Automakers continue to battle over who can deploy the best automated driving technology. However, the advanced driver assistance systems (ADAS) that we already have work very well. According to a study conducted by the Partnership for Analytics Research in Traffic Systems, the technology currently in use today is incredibly effective at preventing crashes, reducing damage from unavoidable collisions and saving lives.
ADAS packages help prevent crashes or mitigate the damage they cause. Systems like Automatic Emergency Braking (AEB), which signals the car to brake on its own if it determines it’s going to crash otherwise, have proven to be very effective. According to the PARTS study, when combined with Forward Collision Warning (FCW), AEB systems reduce front-to-rear collisions by nearly 50%. It’s not just about avoiding accidents either. Cars with AEB were also able to slow down dramatically, even when a crash was unavoidable, reducing serious injuries by 53%. More importantly, these systems have been proven to perform extremely well in bad weather or low visibility conditions, which cannot be said for the prototype autonomous equipment we have seen so far.
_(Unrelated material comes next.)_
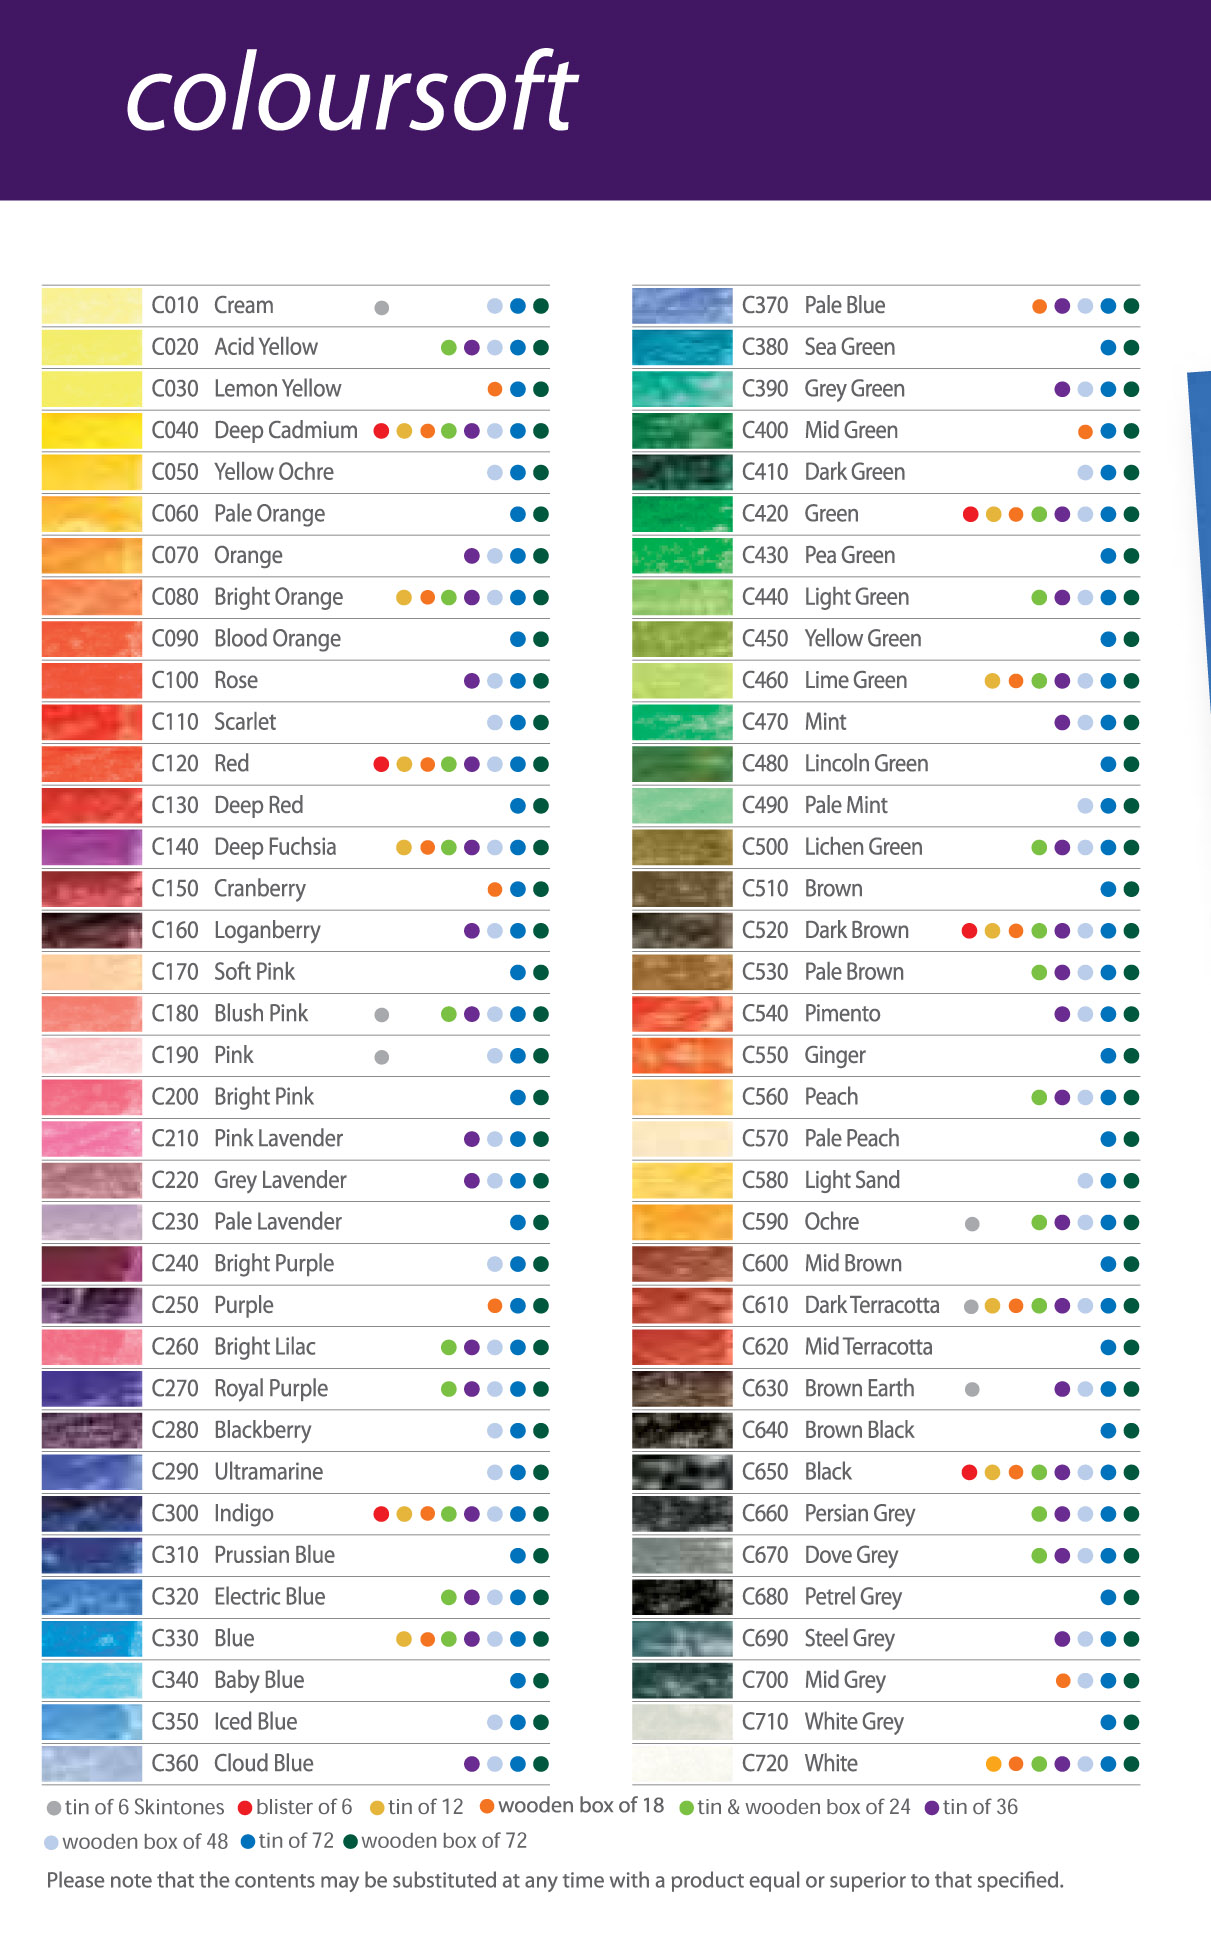 Colored Pencil Chart

Other systems, such as lane departure warning and lane-keep assist, reduced single-vehicle departure crashes by 8% and injuries from these crashes by 7%.
The PARTS study of ADAS and how these systems can save lives is the largest joint study of safety systems between government and automakers to date. It was achieved by working with a short list of car manufacturers who provided PARTS with vehicle fitment data for 47 million cars from 2015 to 2020. PARTS then cross-checked this data with 12 million crashes recorded by the police in 13 states, provided by the National Highway Traffic Safety Administration. At the time of the study, the automakers involved were General Motors, Honda, Toyota, Nissan, Mazda, Mitsubishi, Stellantis and Subaru. These brands hold a combined total of 65% of the automotive market. Now that Ford has joined the partnership, that market share increases to around 80%.
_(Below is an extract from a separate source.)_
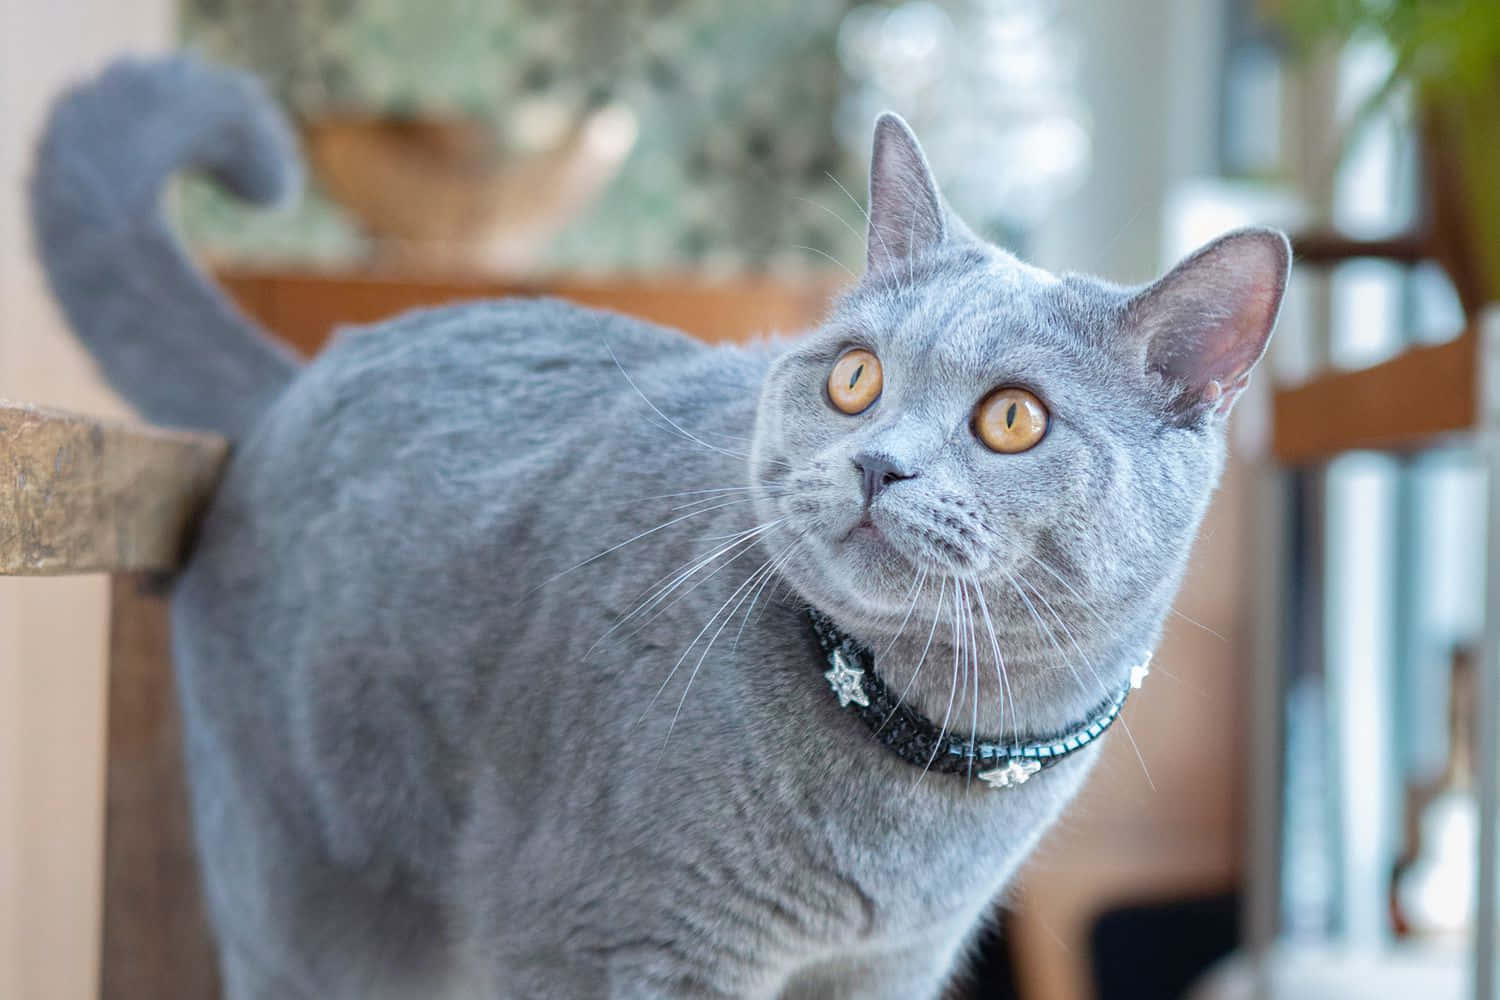 “Astonishingly Glamorous Russian Blue Cat”

As more automakers incorporate these systems as standard equipment, the safer our roads will be. Mazda, for example, now has FCW and AEB fitted across its vehicle lineup.
While fully autonomous driving could one day make the roads safer, that is certainly not the case today. Even the best automated driving aids available today, such as GM’s Super Cruise, Ford’s BlueCruise and Tesla’s Autopilot, require constant driver attention while in operation. Plus, none of them even come close to true self-driving.
However, the aforementioned advanced driver assistance features, which act more like helpful backups for the driver, have been proven to consistently save lives by preventing crashes or significantly reducing their damage.